China Looks To Modernize Its Military

March 10th, 2008  
Team Infidel

Topic: China Looks To Modernize Its Military

Honolulu Advertiser
March 9, 2008 By Richard Halloran
Tacked on to the end of the Defense Department's new report on Chinese military power is an appraisal of the effort by the People's Liberation Army, or PLA, to transform itself "from a force dependent on mass to a streamlined, information-based military with highly qualified officers and soldiers."
Until now, most studies of Beijing's forces have focused, as does this report, on guns, planes, ships, rockets, nuclear weapons and other hardware the PLA has acquired as China's expanding economy has provided funds for a surge in military power.
As any old soldier will attest, however, it is trigger-pullers in the infantry and Marines, sailors with trained sonar ears aboard ships and submarines, and skilled mechanics on flight lines and aircraft carriers who win battles.
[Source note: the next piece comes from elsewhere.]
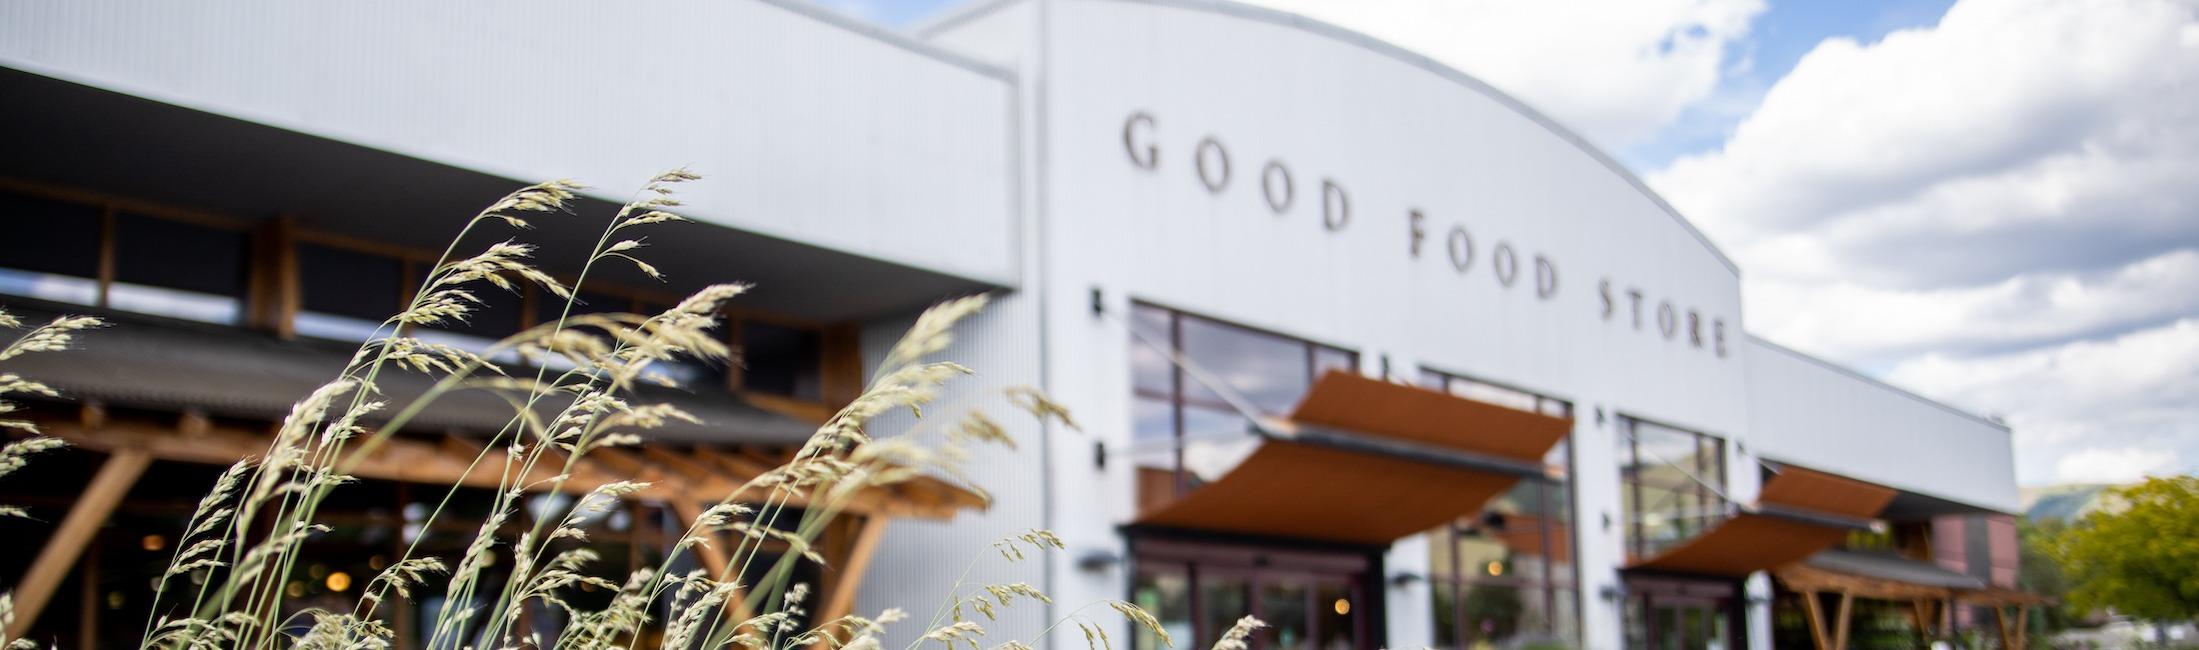 INSPIRE Missoula: Good Food Store

And the old soldiers will point to the noncommissioned officers, or NCOs the sergeants and petty officers as the leaders who get it done.
China's PLA, having been an unschooled army that relied on human wave tactics in the Korean War of 1950-53 and later, is now seeking qualified officers and NCOs. Chinese leaders, the Pentagon report says, are concerned that "low education levels in the PLA negatively affect its operating capability and professionalism."
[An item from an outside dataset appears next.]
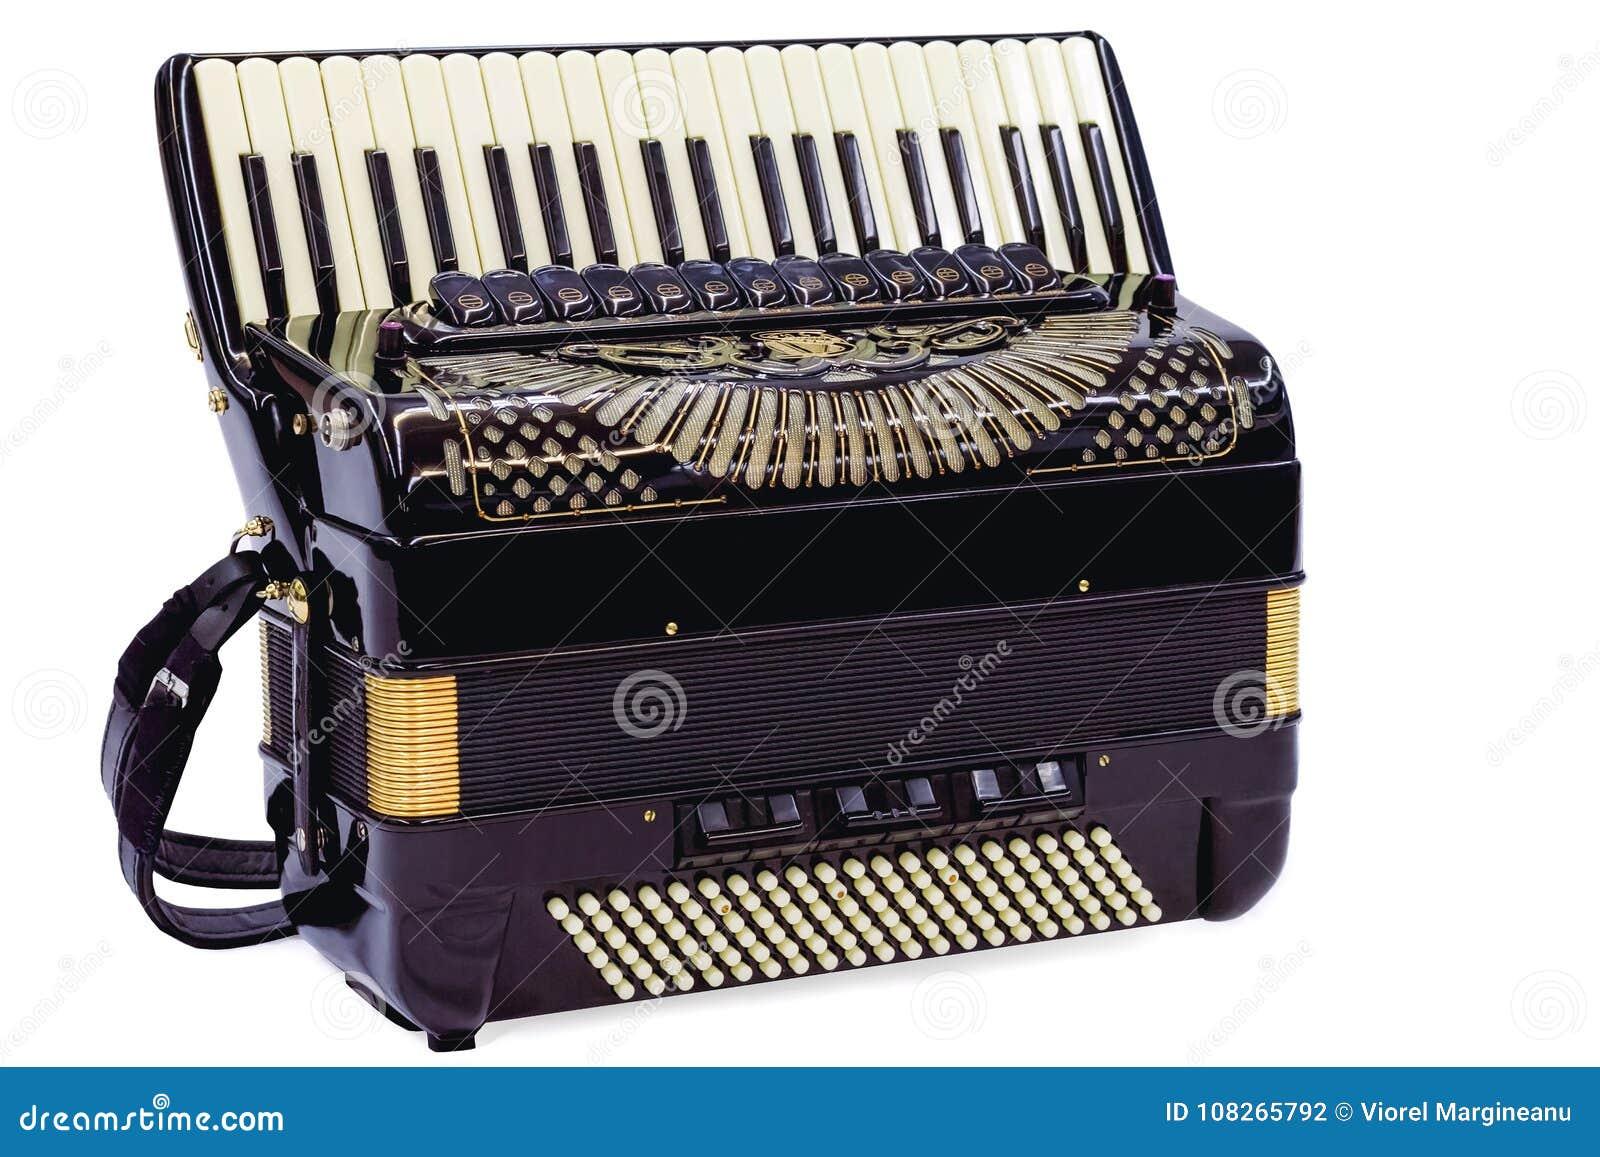 Harmonika in wit

For officers, continuing education in civilian universities has started, with 1,000 officers studying for master's and doctorate degrees. The Pentagon's report notes that potential NCOs must have a high-school education, in contrast to their eighth-grade educations so far, and further training in NCO academies.
Training has become more demanding. The report says new PLA guidelines emphasize realism in training, requiring scenarios "to resemble actual combat conditions as closely as possible." Some are even designed to compel officers "to deviate from the scripted exercise plan."
When Secretary of Defense Caspar Weinberger visited China in 1983, he was shown a drill in which a platoon attacked a hill. The exercise showed unimpressive leadership, routine maneuvers and poor marksmanship.
In its overview, the Pentagon complains, as have U.S. leaders repeatedly, that "China's leaders have yet to explain in detail the purposes and objectives of the PLA's modernizing military capabilities." In particular, it asserts that "China continues to promulgate incomplete defense expenditures."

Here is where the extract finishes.